The two hugged. “It was a very moving day for him and myself. We didn’t need to speak in a verbal way,” Lewis, now 72, recalled Thursday.
The moment seemed rich with possibility for Jackson. Obama’s triumph promised to open opportunities that were specific to Jackson. An Obama victory in November meant an open Senate seat in Illinois for which Jackson would be a front-runner and an African American president could also change the career trajectory of young, black politicians everywhere.
But those events that were supposed to propel him forward are the ones that seemed to lead to his undoing. What followed for Jackson, 47, has been in a political, professional and personal free fall that has left his career in tatters and his political future in question.
Once regarded as a leading candidate to succeed Obama in the Senate and often mentioned as a possible future mayor of Chicago, Jackson has not been seen in public since June 8.

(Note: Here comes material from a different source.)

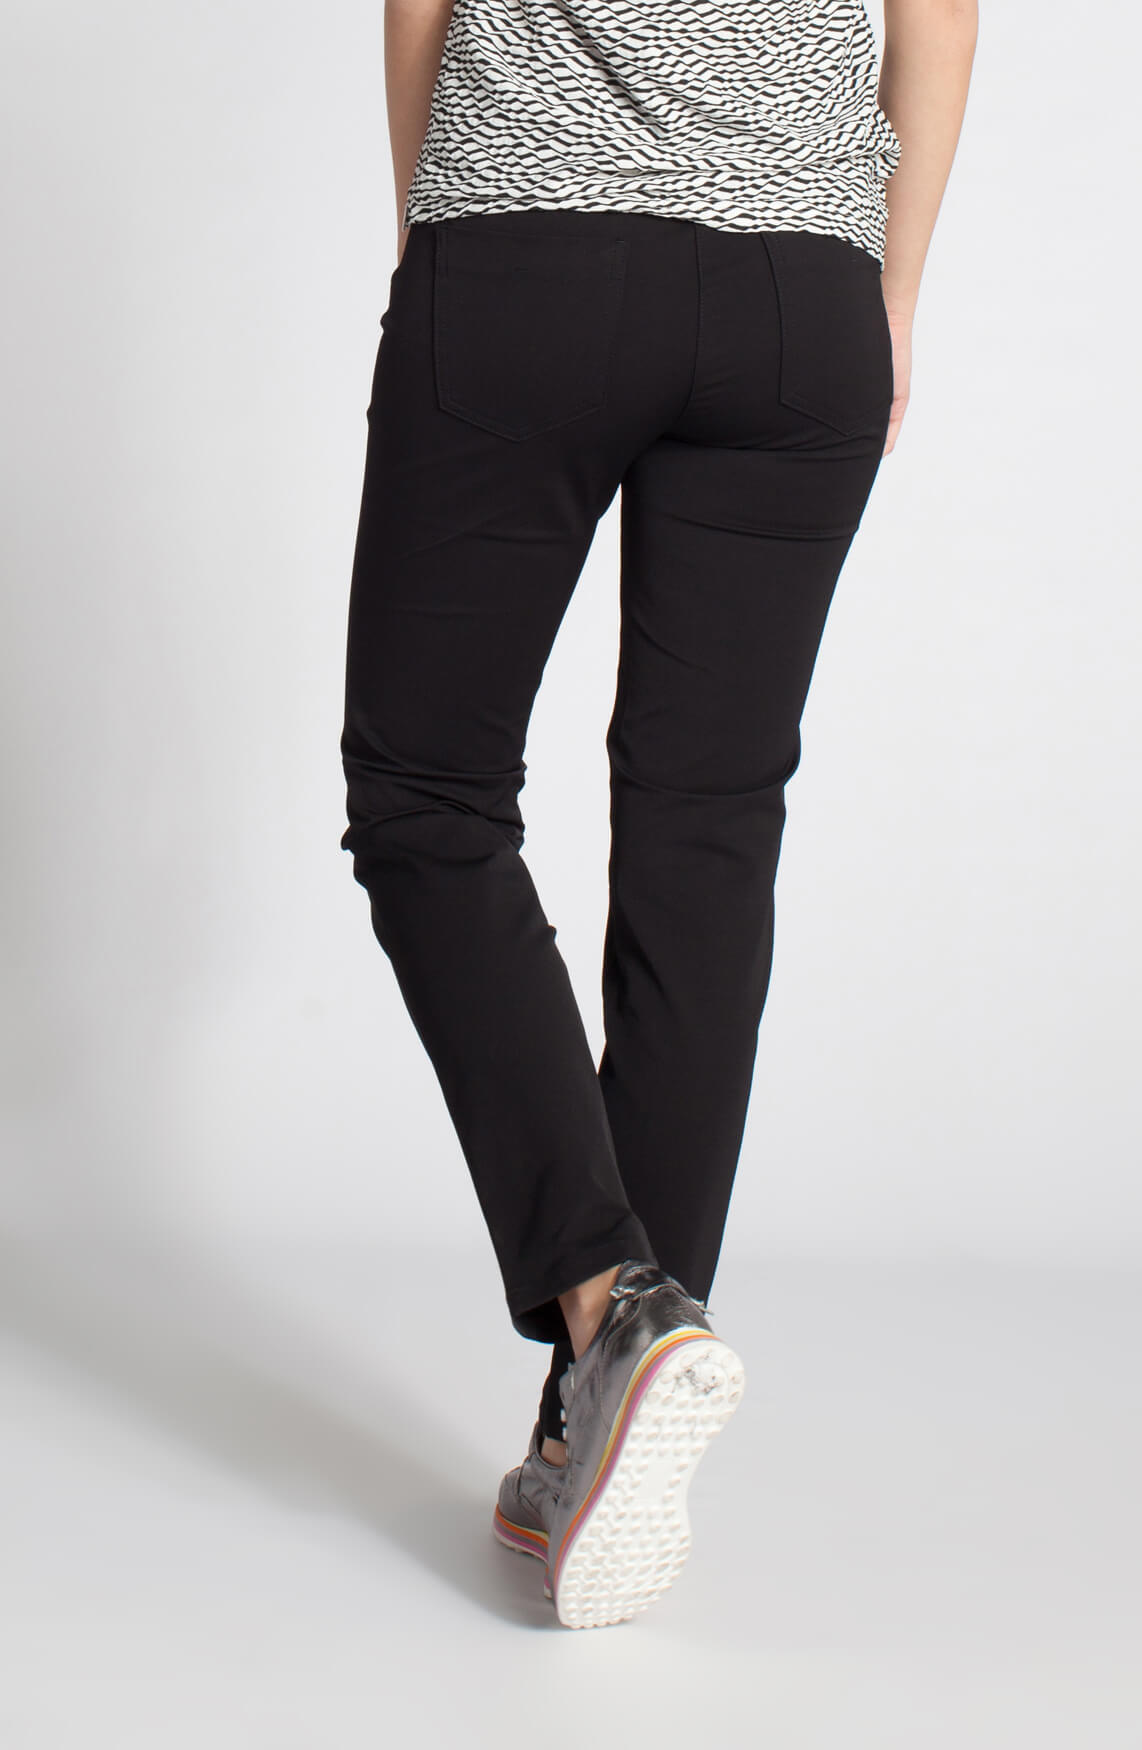 Rosner Dames Audrey pantalon zwart 0

The explanation for his absence has evolved over the past five weeks. At first, aides said Jackson was experiencing “exhaustion” that resulted in medical treatment. The most recent explanation is that he has a severe “mood disorder” that is likely to keep him away from Capitol Hill until at least September. According to a statement from his office Wednesday, Jackson “is receiving intensive medical treatment at a residential treatment facility for a mood disorder . . . and is expected to make a full recovery.” Aides declined to say where he is being treated.

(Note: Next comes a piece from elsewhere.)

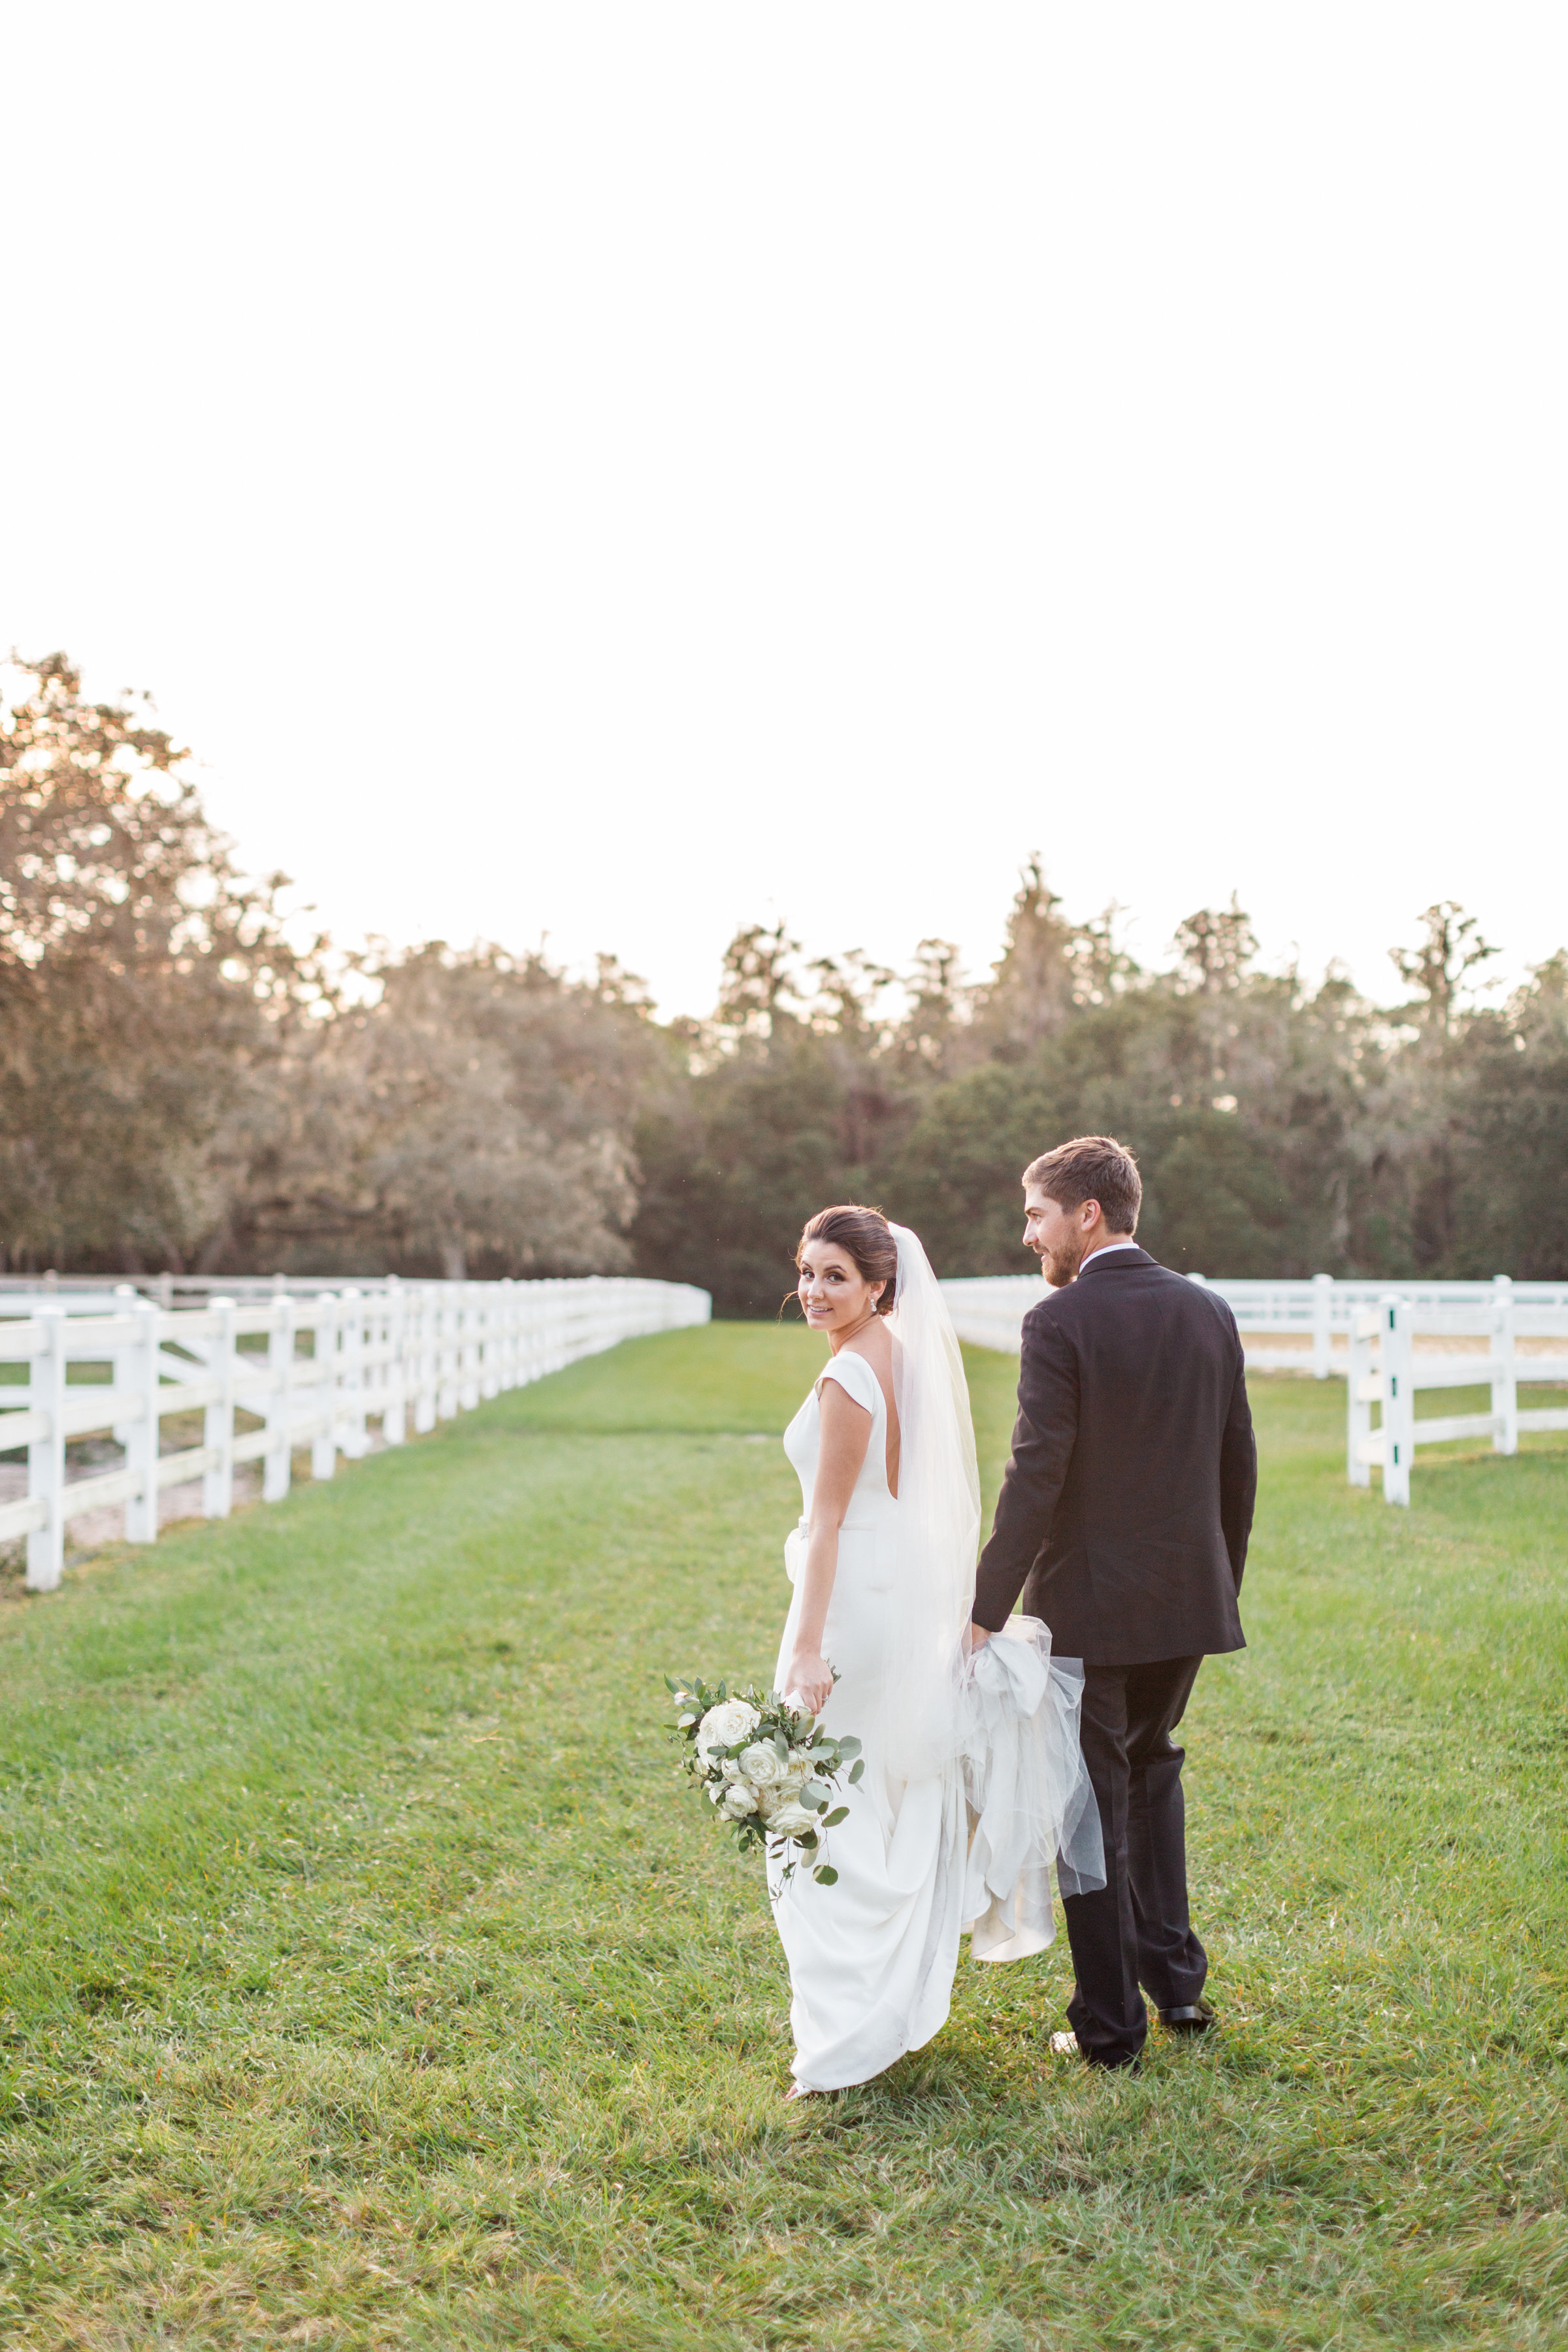 Monzy & Kenny's Wedding   Lauren Galloway Photography-581.jpg

Jackson’s leave of absence, which his staff says officially began on June 10, came just as federal prosecutors in Chicago charged Raghuveer Nayak, his former fund-raiser, with $1.8 million in medical fraud. Those charges are not formally linked to “Operation Board Games,” a sprawling state corruption probe run by the U.S. attorney’s office that has led to criminal charges against 17 officials, including now-imprisoned former governor Rod Blagojevich (D). Nayak, however, has been in the cross hairs of the federal prosecutors for several years, as he has reportedly testified that Jackson asked him to raise campaign money for the then-governor in 2008 in hopes that Blagojevich would appoint him to Obama’s Senate seat.
For Jackson’s supporters in Washington and Chicago, these developments have been painful. “This is one of the smartest, most capable members of Congress,” Rep. Chaka Fattah (D-Pa.), who serves on the Appropriations Committee with Jackson, said Thursday.
But after a week in which Jackson’s staff has been forced to try to dispel an array of rumors, including one that he is in an Arizona facility being treated for alcohol and drug problems, his friends in the Congressional Black Caucus are whispering that they expect him to resign.